I have programmed my uC correctly and caused the motor to "blink" for one second then turn off for one second and so on(not resorting to PWM). I tested using this using this schematic and it works. (I am using a TIP120 npn transistor)
Instead of using two batteries/ supplies, I tried to use the same battery for powering my microcontroller and Load and I am getting very strange behavior. I set the blink time to 2sec but here with this schematic(below), I observe random switching.
I have read about a phenomenon called ground bounce from the noise generated by motor that is temporarily resetting my microcontroller.
I followed the instruction from a similar post that appeared in the forum and I tried to connect the battery ground to collector first then to my microcontroller and its regulator as mentioned in the answer but I observe the same strange behavior of resetting. How would I get rid of this behavior?
Also, I have a 12V 2amps adapter and I want to power my project through this. Is there a way to split 12V into 5V(for microcontroller) and 9V for Motor as an independent power source as described in schematic 1?
I read that linear voltage regulators are very bad for powering motors,Will buck converter serve my purpose?
PS: I am very new to electronics please don't vote me down. In case I miss something I will modify in the post and abide by the standards of this forum.
Thanks you
Best Answer
"But is it possible to make two supplies from the 12V 2amps adapter so that schematic 1 like circuit may fix this issue?"
Without knowing the current draw of the motor, the answer is, "Maybe, maybe not." It all depends on how much current the motor draws, especially on turn-on.
Presumably you are interested in trying something like
simulate this circuit – Schematic created using CircuitLab
Here's the problem: when motors turn on, they draw much more current than normal. As the motor starts turning and gets up to speed, the current required gradually drops to normal. When this happens, it will cause the output of the power supply to drop, and this will cause the uC voltage to drop - and you get weird behavior as the uC briefly stops working correctly.
You might think that the solution would be to put a big capacitor on the output of the 7805, to provide voltage for a brief period when there is a drop in the supply voltage. Unfortunately, that's not a good idea - 7805s don't like big capacitors on their output and may start oscillating.

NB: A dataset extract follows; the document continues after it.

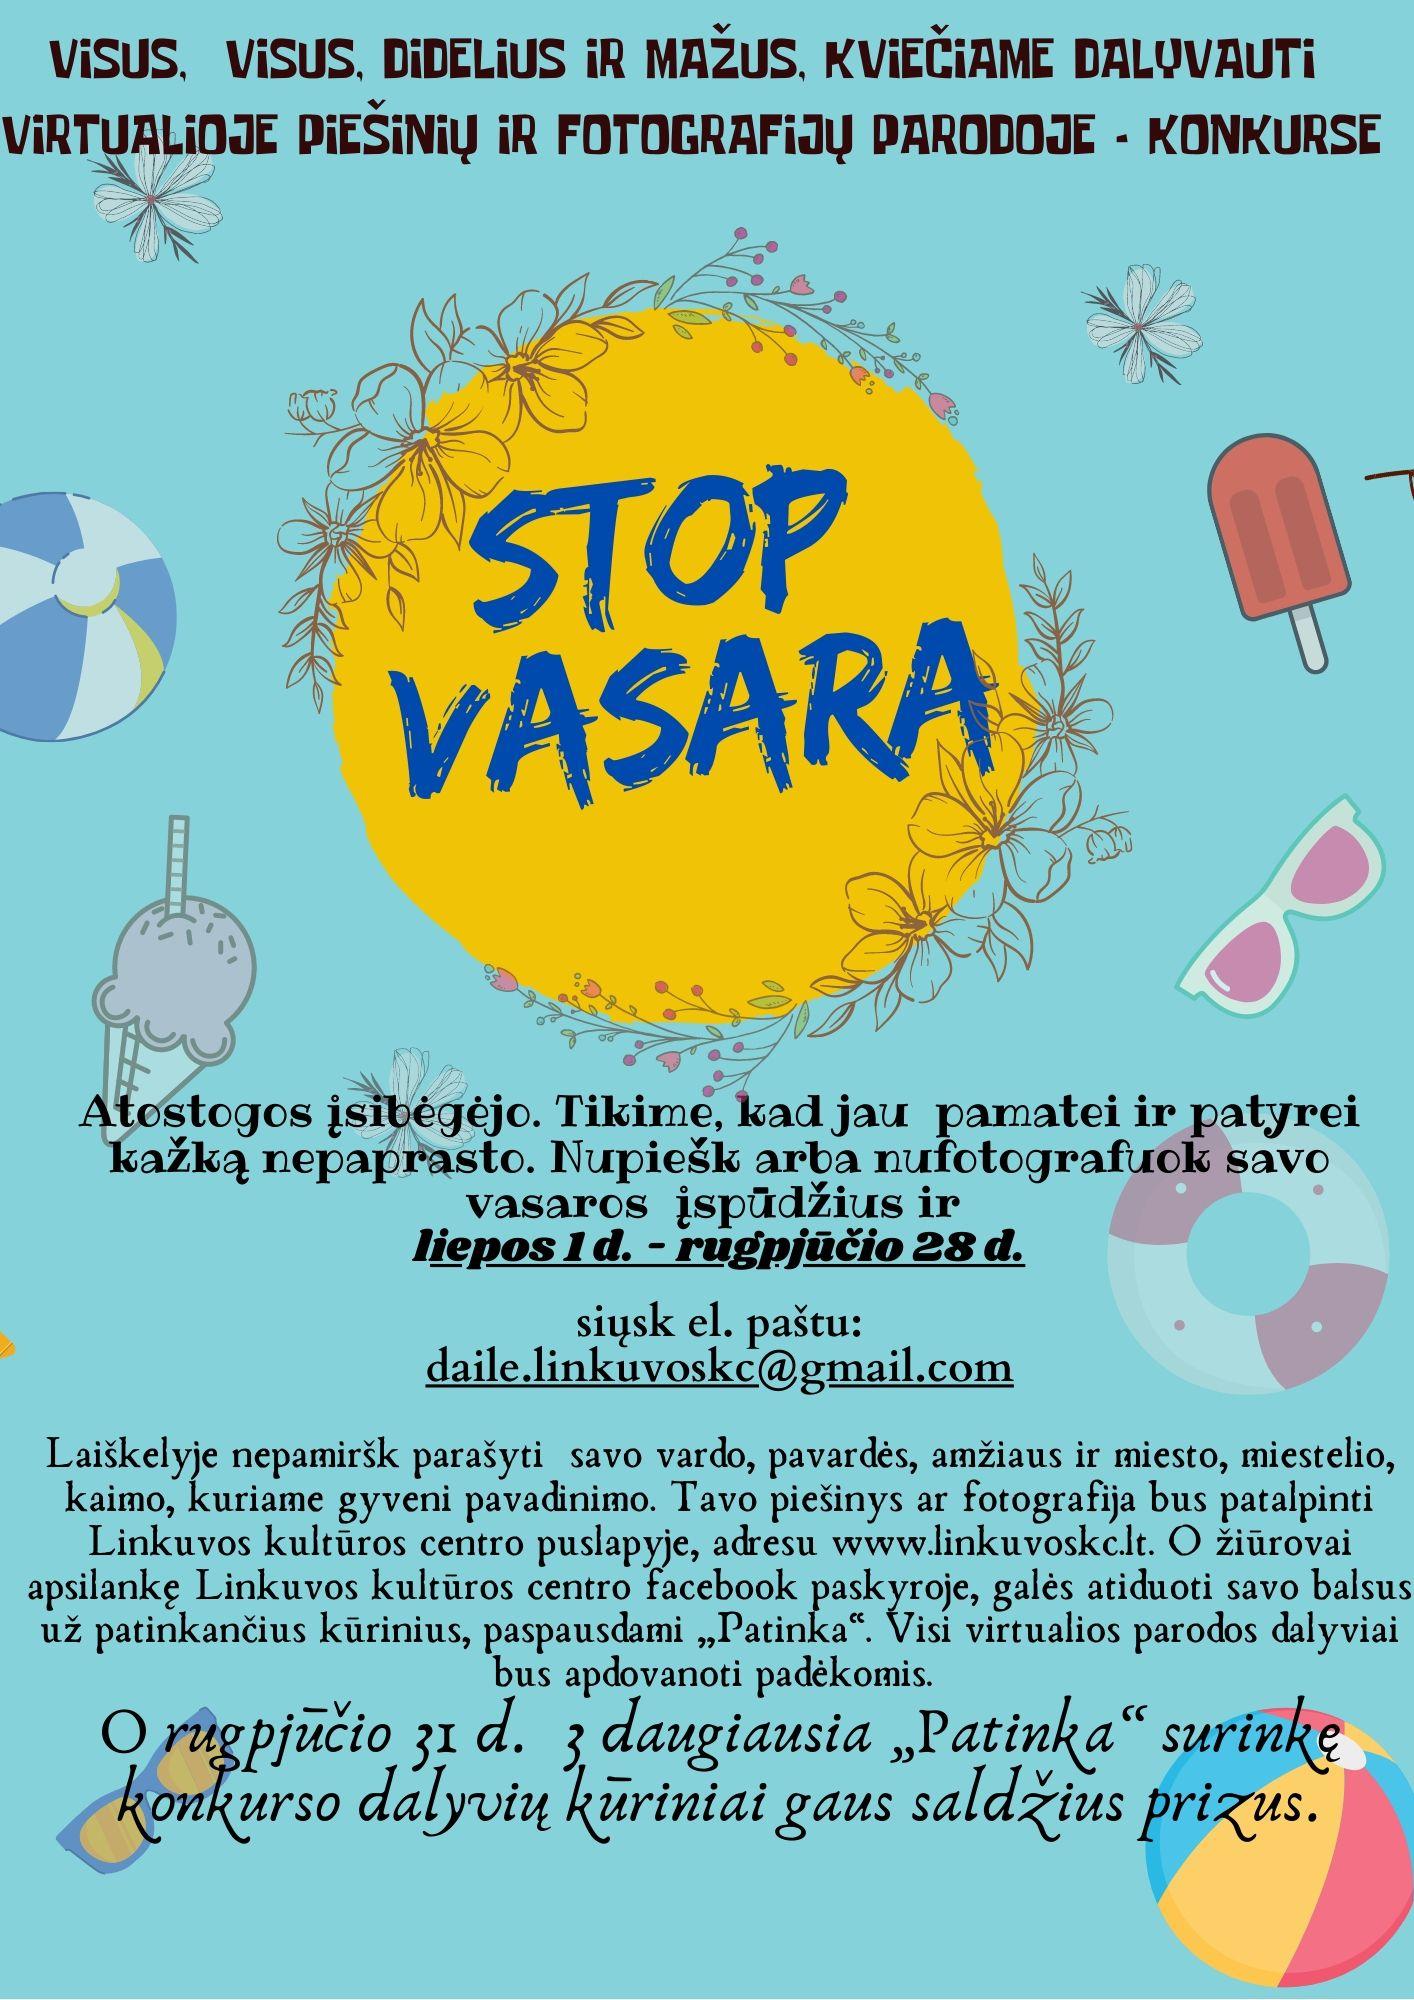 """Kviečiame dalyvauti virtualioje piešinių ir fotografijų parodoje – konkurse """" STOP VASARA"""""""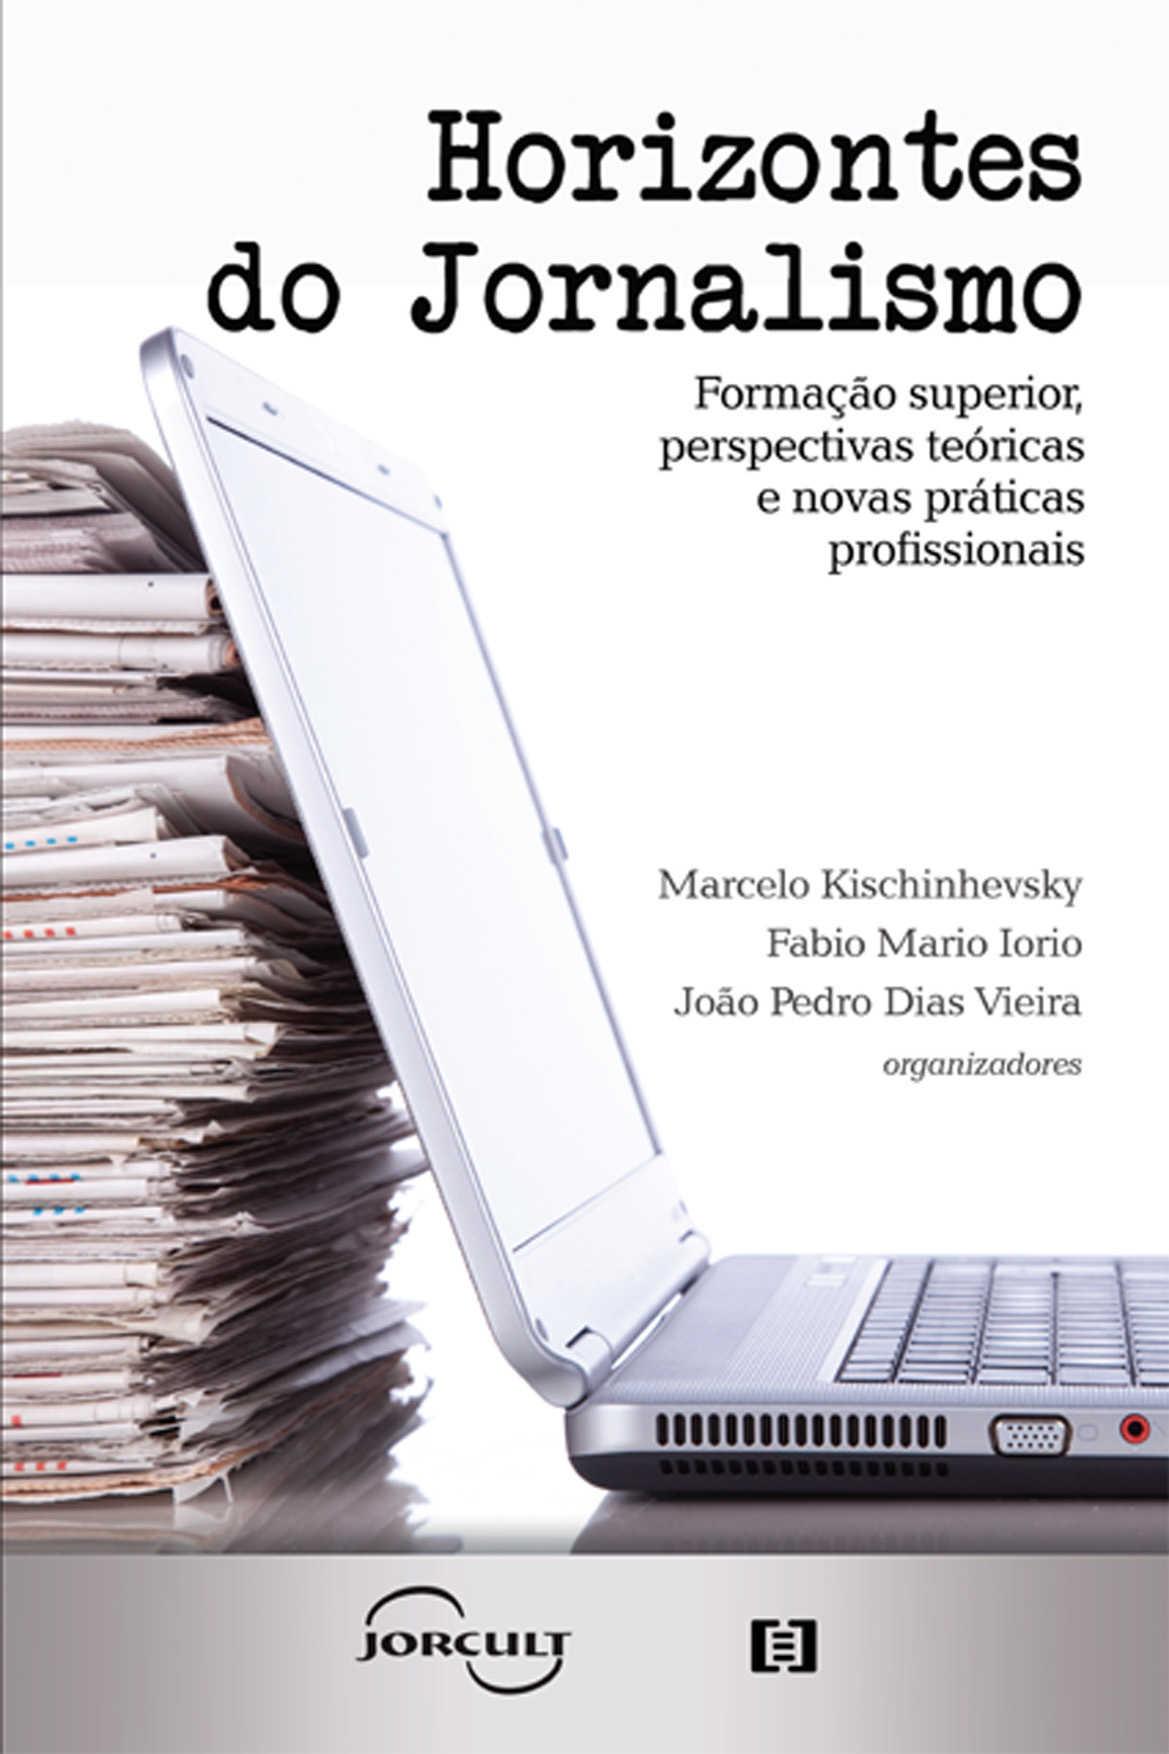 Horizontes do Jornalismo: Formação superior, perspectivas teóricas e novas práticas profissionais

Instead, you should try something like
simulate this circuit
There are a few caveats.
1 - I have no idea how much current your uC circuit draws, so the value of C1 is entirely speculative. 1000 uF may be higher than you need, or it may be lower. It depends on how much current the uC draws, and how long a dropout you need to operate through.
2 - When power is turned on, D1 has to provide a high-current spike to charge up C1. Depending on what value of C1 you have, and how gradually the power supply turns on, it's possible that turn-on will blow up D1. In that case you would need a beefier diode.
3 - (optional) It's a good idea to start working with less obsolete chips. Learn to use something like an LM317 if you're willing to stick with linear regulators. At the expense of a couple more resistors, you can use a single part number for different voltages - and the performance of newer regulators is better than ancient, first-generation devices like the 7800 series.